Structural and functional analysis of the Entamoeba histolytica EhrabB gene promoter
1 Departamento de Patología Experimental. Centro de Investigación y de Estudios Avanzados del IPN. A.P. 14-740 México, DF 07360, México
2 Programa Institucional de Biomedicina Molecular, ENMyH-IPN, Guillermo Massieu Helguera, No. 239. Fracc. La Escalera, Ticomán, CP 07320 México, DF, México
3 Posgrado en Ciencias Genómicas, Universidad Autónoma de la Ciudad de México, San Lorenzo # 290, Col. Del Valle, CP 03100, México DF, México
BMC Molecular Biology 2007, 8:82 doi:10.1186/1471-2199-8-82Published: 20 September 2007
The Entamoeba histolytica EhrabB gene encodes for a Rab GTPase involved in phagocytosis. It is located at a virulence locus where the Ehcp112 gene is in the complementary strand at 332 bp of EhrabB start codon, suggesting a finely regulated transcription of both genes. However, the transcription regulation in this parasite is poorly understood.

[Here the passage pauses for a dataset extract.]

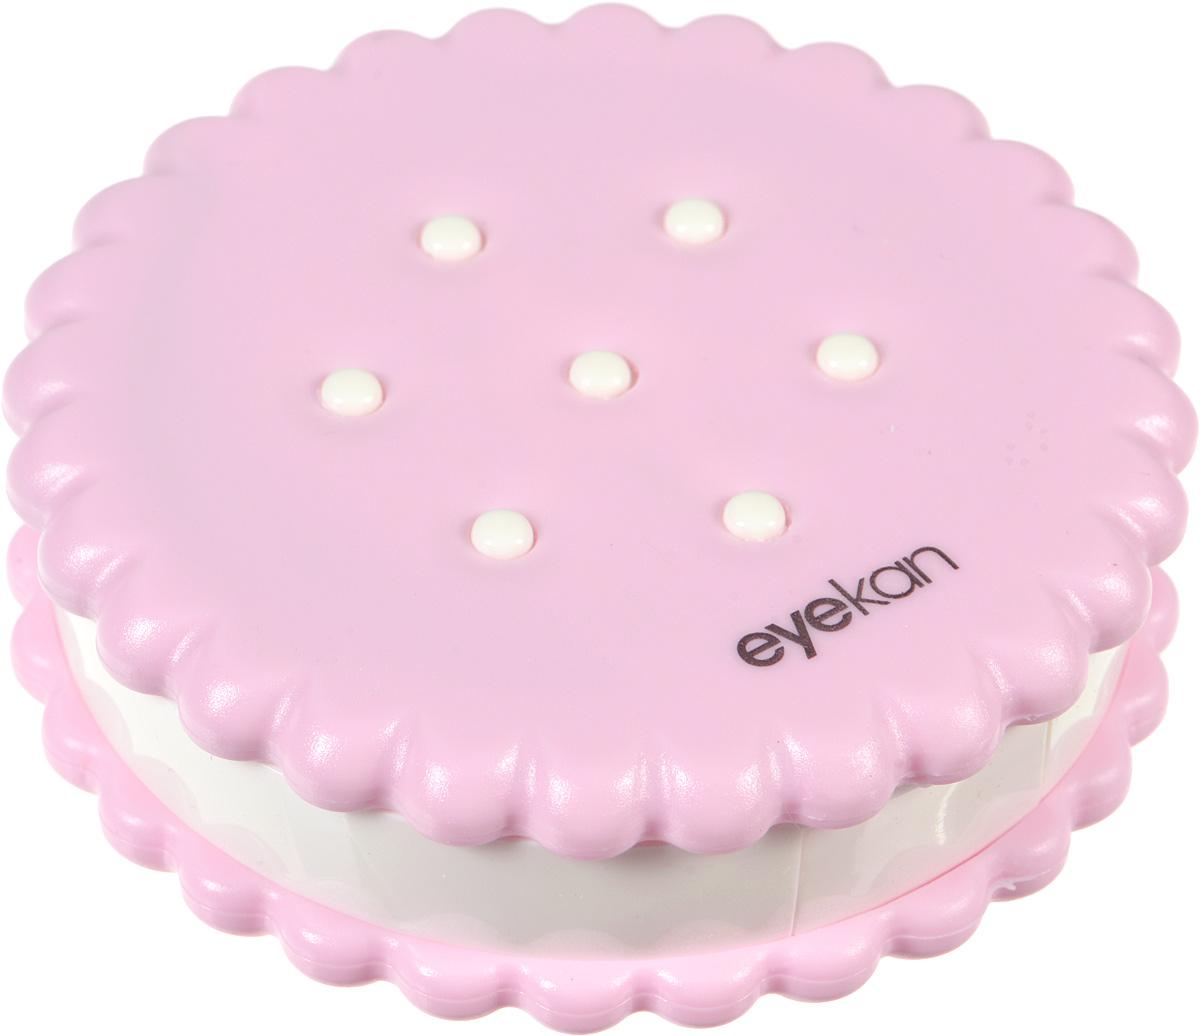 Контейнер для контактных линз Kawaii Factory Cookie, цвет: розовый. KW007-000114KW007-000114Если вам очень хочется окружить себя яркими красивыми вещами, то контейнер для контактных линз Cookie от Kawaii Factory как ничто другое поможет справиться с этой задачей. Контейнер выглядит, как аппетитный десерт, и будет приносить радость и поднимать настроение. В этой забавной печенюшке прекрасно помещается все необходимое для ухода: раздельные контейнеры под линзы, зеркало, пинцет, палочка с мягким наконечником и флакон для раствора. Корпус изделия выполнен из пластика и закрывается на удобную защелку, он надежно сбережет ваши линзы от неприятных повреждений. Для удобства использования емкости контейнера обозначены буквами L и R.

To initiate the knowledge of EhrabB gene expression regulation, here we studied the structural characteristics of its gene promoter and its control transcription elements. In silico searches of the EhrabB 5'-flanking region revealed that it contains a motif similar to the upstream regulatory element 1 (URE1) of the E. histolytica hgl5 gene. It also has sequences with homology to C/EBP and GATA1 binding sites, and heat shock elements (HSE). Primer extension experiments revealed that EhrabB has at least four transcription initiation sites. The elements at the 5'-flanking region that drive EhrabB gene expression were detected and characterized using transitory transfected trophozoites with a plasmid carrying the CAT reporter gene. EhrabB transcription is negatively regulated by a sequence located between positions -491 to -428 with respect to the first transcription initiation site. We also showed that the URE1-like motif activates EhrabB transcription. In addition, heat shock activated the EhrabB promoter in episomal constructs and lead to an increase in de novo EhrabB transcription.
The data suggest that EhrabB transcription is controlled negatively by an unidentified sequence, but it is activated by an URE1-like motif. Our analyses also revealed the presence of activator HSE that function under stress.